Task brief → Below are records; the lines starting at the one with "blauwe jeans krantenverkoper cap" and ending at the one with "Habitaciones de beb s" must be reproduced exactly, both included. Pictures must not appear.

Available data →

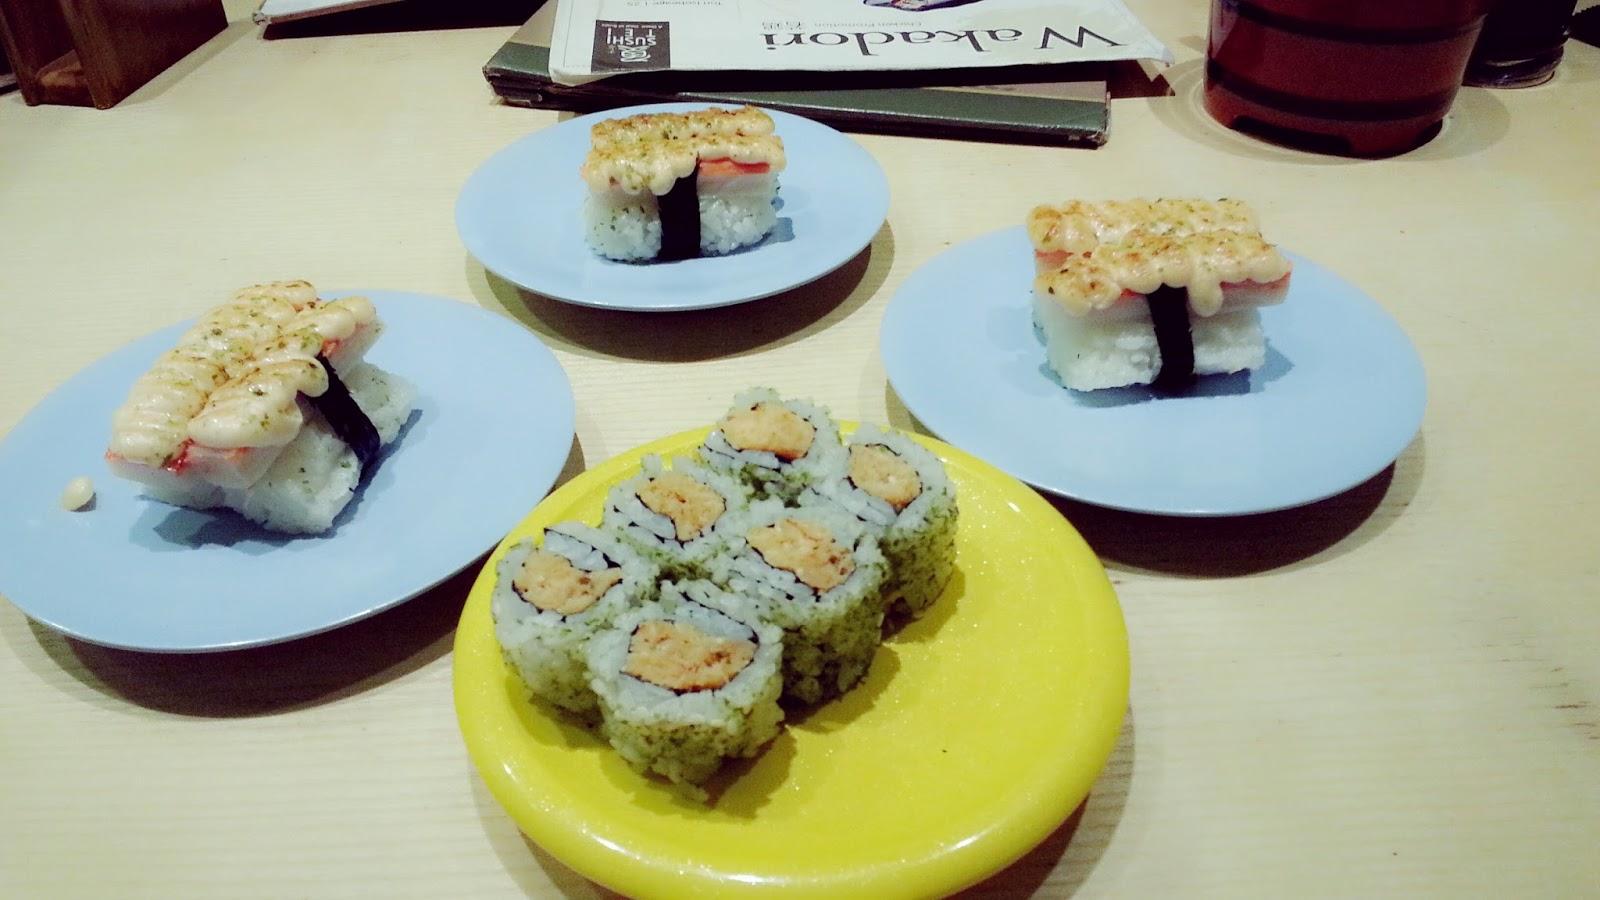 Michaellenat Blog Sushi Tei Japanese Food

---

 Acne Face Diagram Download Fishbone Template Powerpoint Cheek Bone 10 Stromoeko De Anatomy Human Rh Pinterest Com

* * *

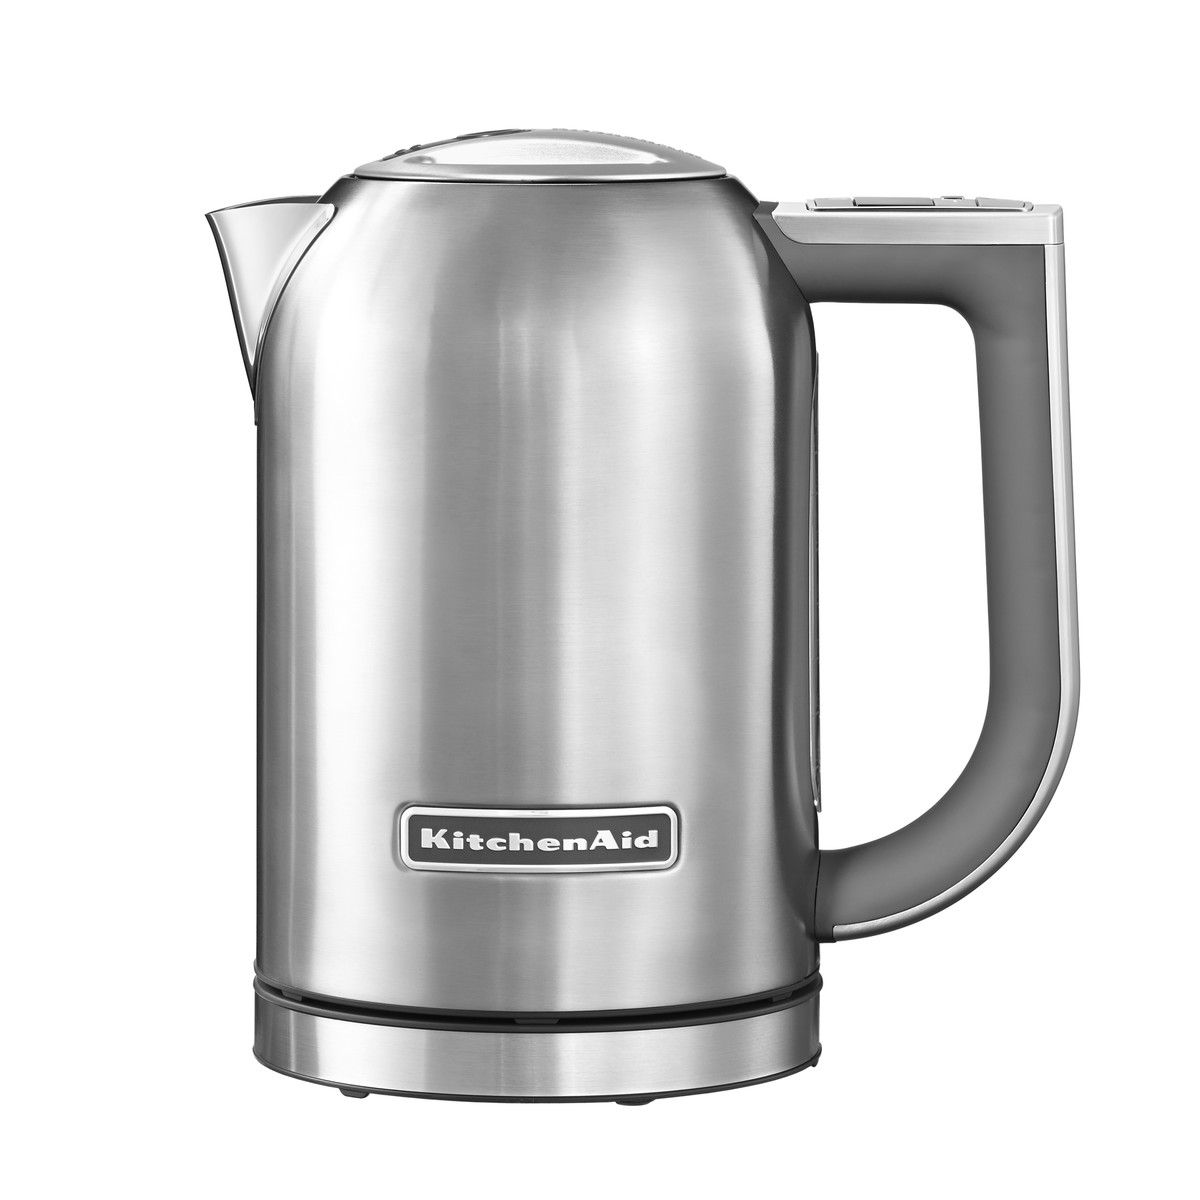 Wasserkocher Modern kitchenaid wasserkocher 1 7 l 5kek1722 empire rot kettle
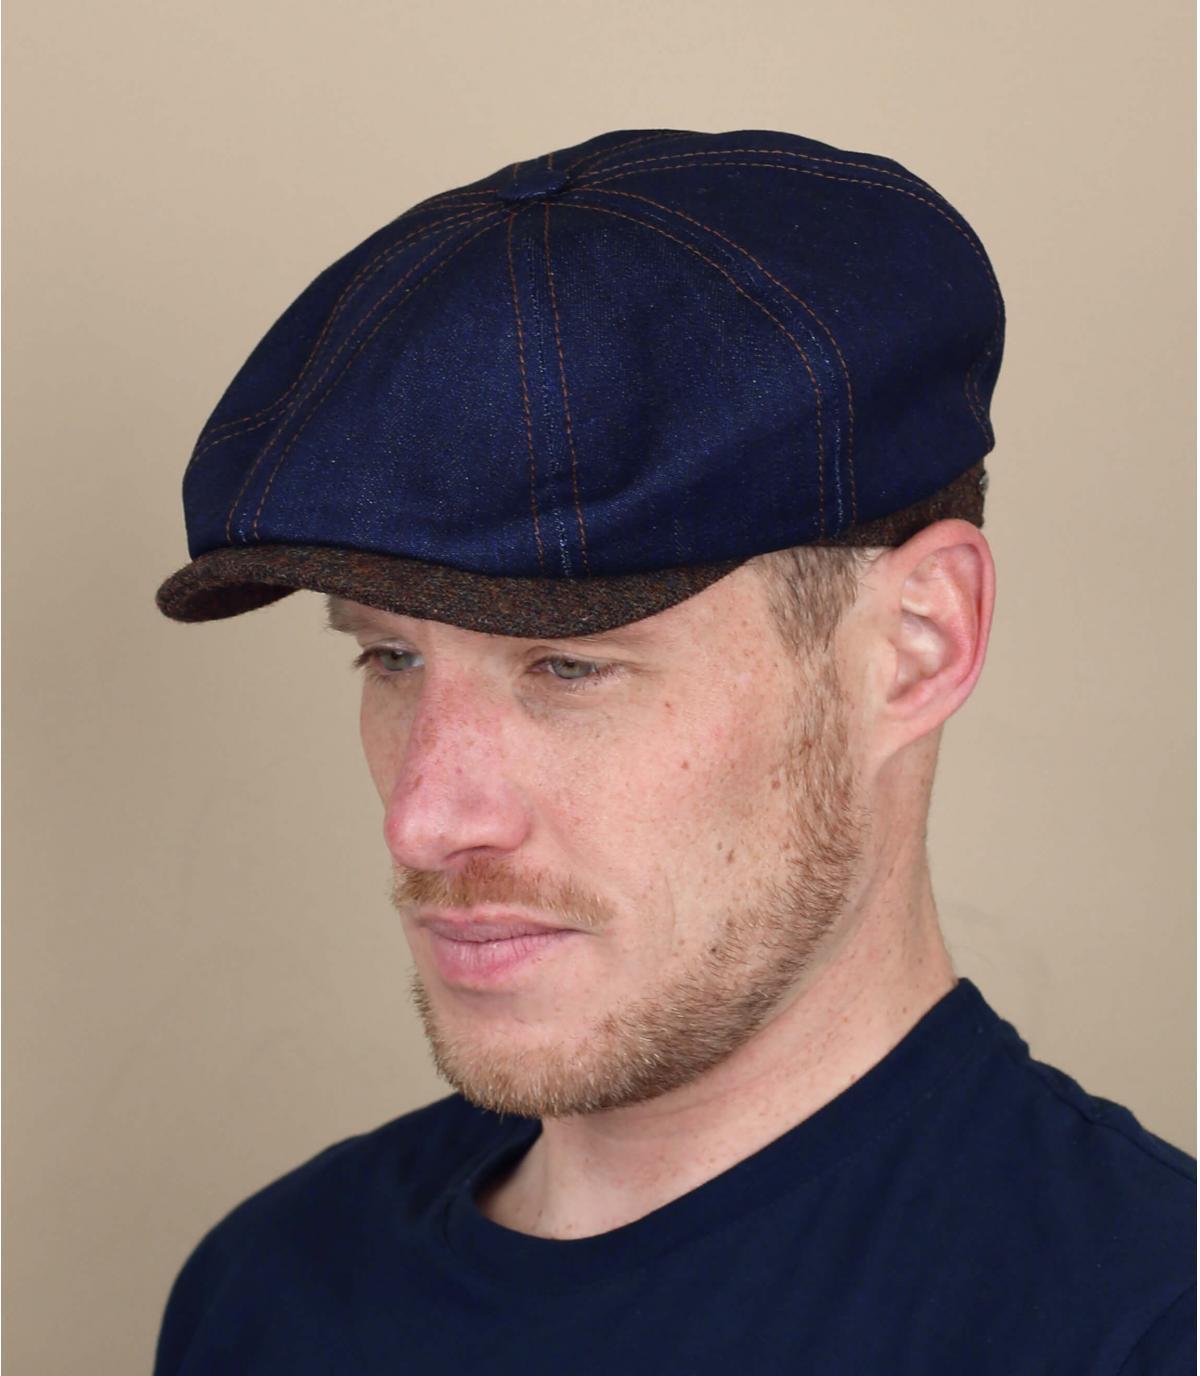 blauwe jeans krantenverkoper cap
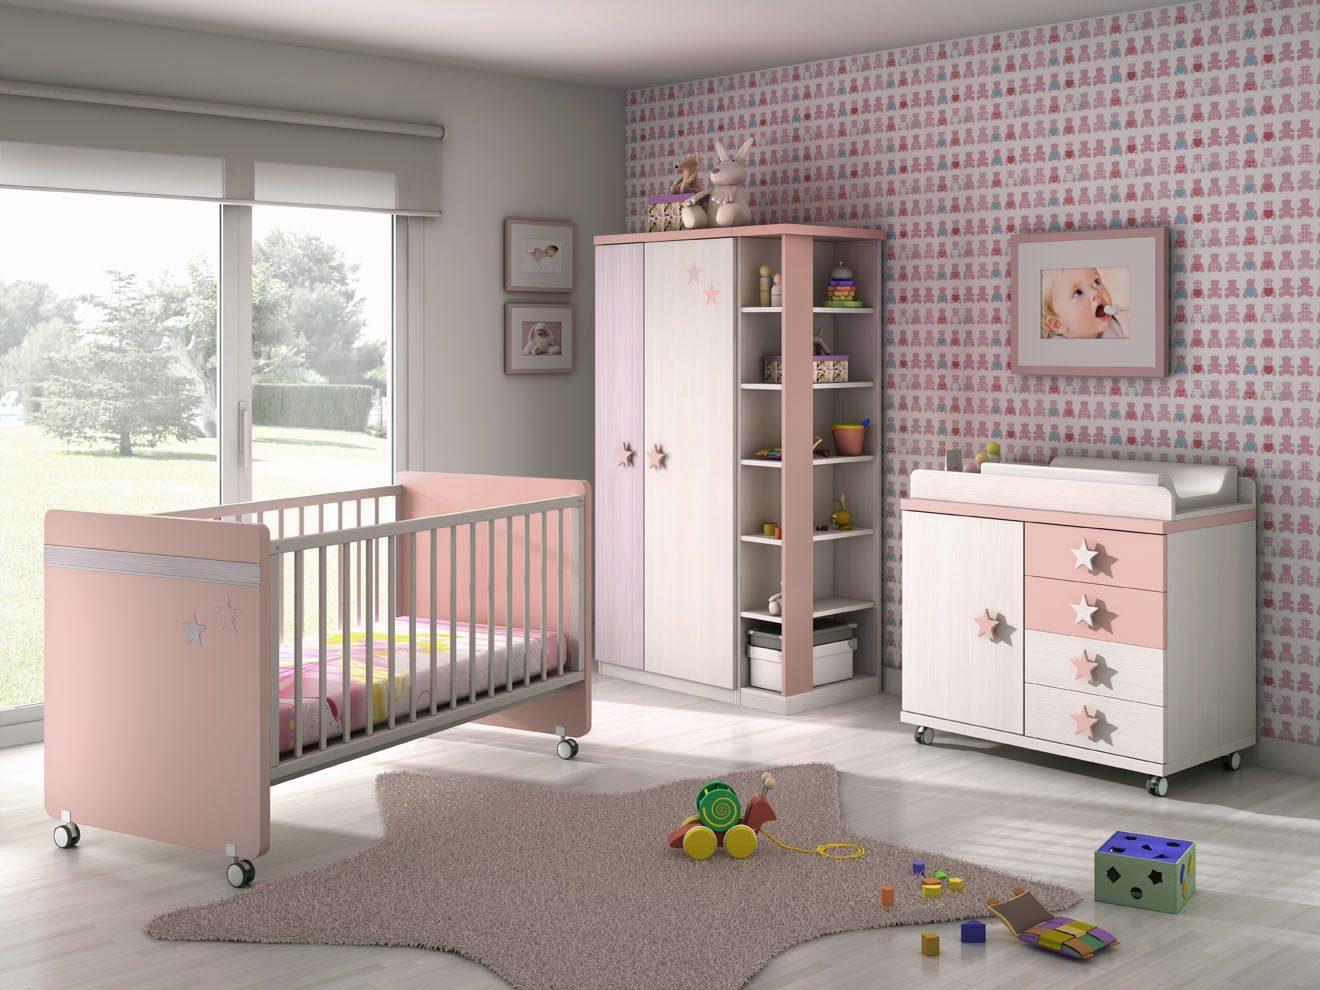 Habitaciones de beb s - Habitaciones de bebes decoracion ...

Task response →
 blauwe jeans krantenverkoper cap
 Habitaciones de beb s - Habitaciones de bebes decoracion ...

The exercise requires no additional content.